]> git.apps.os.sepia.ceph.com Git - ceph.git/commitdiff
mgr/prometheus: add ceph_disk_occupation series
authorJohn Spray <john.spray@redhat.com>
Thu, 28 Sep 2017 14:10:14 +0000 (10:10 -0400)
committerJohn Spray <john.spray@redhat.com>
Wed, 1 Nov 2017 23:03:26 +0000 (23:03 +0000)
This is the magic series that enables consumers to
easily get the drive stats that go with their
OSD stats.

Fixes: http://tracker.ceph.com/issues/21594
Signed-off-by: John Spray <john.spray@redhat.com>
(cherry picked from commit 284be75524f7125dc1409b9c05fe47b37484964e)

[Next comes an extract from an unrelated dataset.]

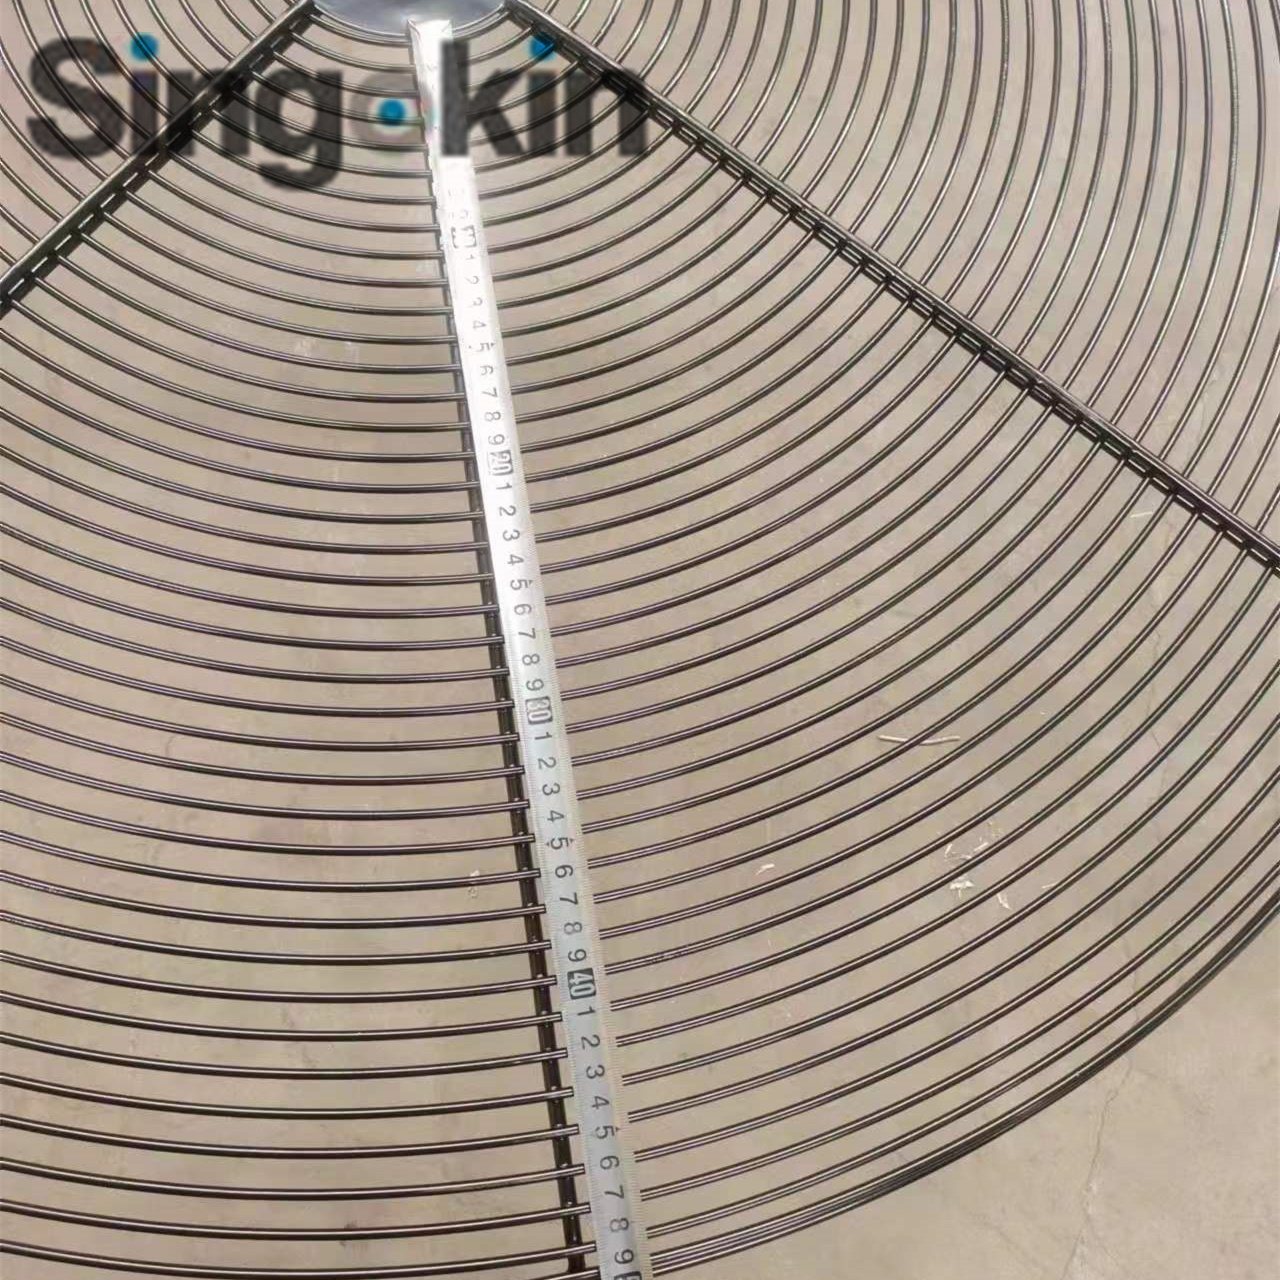 Wire fan grill guard for industrial exhaust fan cover

src/pybind/mgr/prometheus/module.py

index 2b22b67e8c11916b7d3fbc36e1b11ea78f94a802..162aadc91d81df4ef79e16e0f5038e12d1ed4e22 100644 (file)
@@ -83,6 +83,8 @@ OSD_METADATA = ('cluster_addr', 'device_class', 'id', 'public_addr', 'weight')
 
 POOL_METADATA = ('pool_id', 'name')
 
+DISK_OCCUPATION = ('instance', 'device', 'ceph_daemon')
+
 
 class Metric(object):
     def __init__(self, mtype, name, desc, labels=None):
@@ -184,6 +186,17 @@ class Module(MgrModule):
             'OSD Metadata',
             OSD_METADATA
         )
+
+        # The reason for having this separate to OSD_METADATA is
+        # so that we can stably use the same tag names that
+        # the Prometheus node_exporter does
+        metrics['disk_occupation'] = Metric(
+            'undef',
+            'disk_occupation',
+            'Associate Ceph daemon with disk used',
+            DISK_OCCUPATION
+        )
+
         metrics['pool_metadata'] = Metric(
             'untyped',
             'pool_metadata',
@@ -258,15 +271,15 @@ class Module(MgrModule):
             if state not in reported_states:
                 self.metrics[path].set(0)
 
-    def get_metadata(self):
+    def get_osd_metadata(self):
         osd_map = self.get('osd_map')
-        osd_dev = self.get('osd_map_crush')['devices']
+        osd_devices = self.get('osd_map_crush')['devices']
         for osd in osd_map['osds']:
             id_ = osd['osd']
             p_addr = osd['public_addr']
             c_addr = osd['cluster_addr']
             w = osd['weight']
-            dev_class = next((osd for osd in osd_dev if osd['id'] == id_))
+            dev_class = next((osd for osd in osd_devices if osd['id'] == id_))
             self.metrics['osd_metadata'].set(0, (
                 c_addr,
                 dev_class['class'],
@@ -275,6 +288,27 @@ class Module(MgrModule):
                 w
             ))
 
+            osd_metadata = self.get_metadata("osd", str(id_))
+            dev_keys = ("backend_filestore_dev_node", "bluestore_bdev_dev_node")
+            osd_dev_node = None
+            for dev_key in dev_keys:
+                val = osd_metadata.get(dev_key, None)
+                if val and val != "unknown":
+                    osd_dev_node = val
+                    break
+            osd_hostname = osd_metadata.get('hostname', None)
+            if osd_dev_node and osd_hostname:
+                self.log.debug("Got dev for osd {0}: {1}/{2}".format(
+                    id_, osd_hostname, osd_dev_node))
+                self.metrics['disk_occupation'].set(0, (
+                    osd_hostname,
+                    osd_dev_node,
+                    "osd.{0}".format(id_)
+                ))
+            else:
+                self.log.info("Missing dev node metadata for osd {0}, skipping "
+                               "occupation record for this osd".format(id_))
+
         for pool in osd_map['pools']:
             id_ = pool['pool']
             name = pool['pool_name']
@@ -284,7 +318,7 @@ class Module(MgrModule):
         self.get_health()
         self.get_df()
         self.get_quorum_status()
-        self.get_metadata()
+        self.get_osd_metadata()
         self.get_pg_status()
 
         for daemon, counters in self.get_all_perf_counters().iteritems():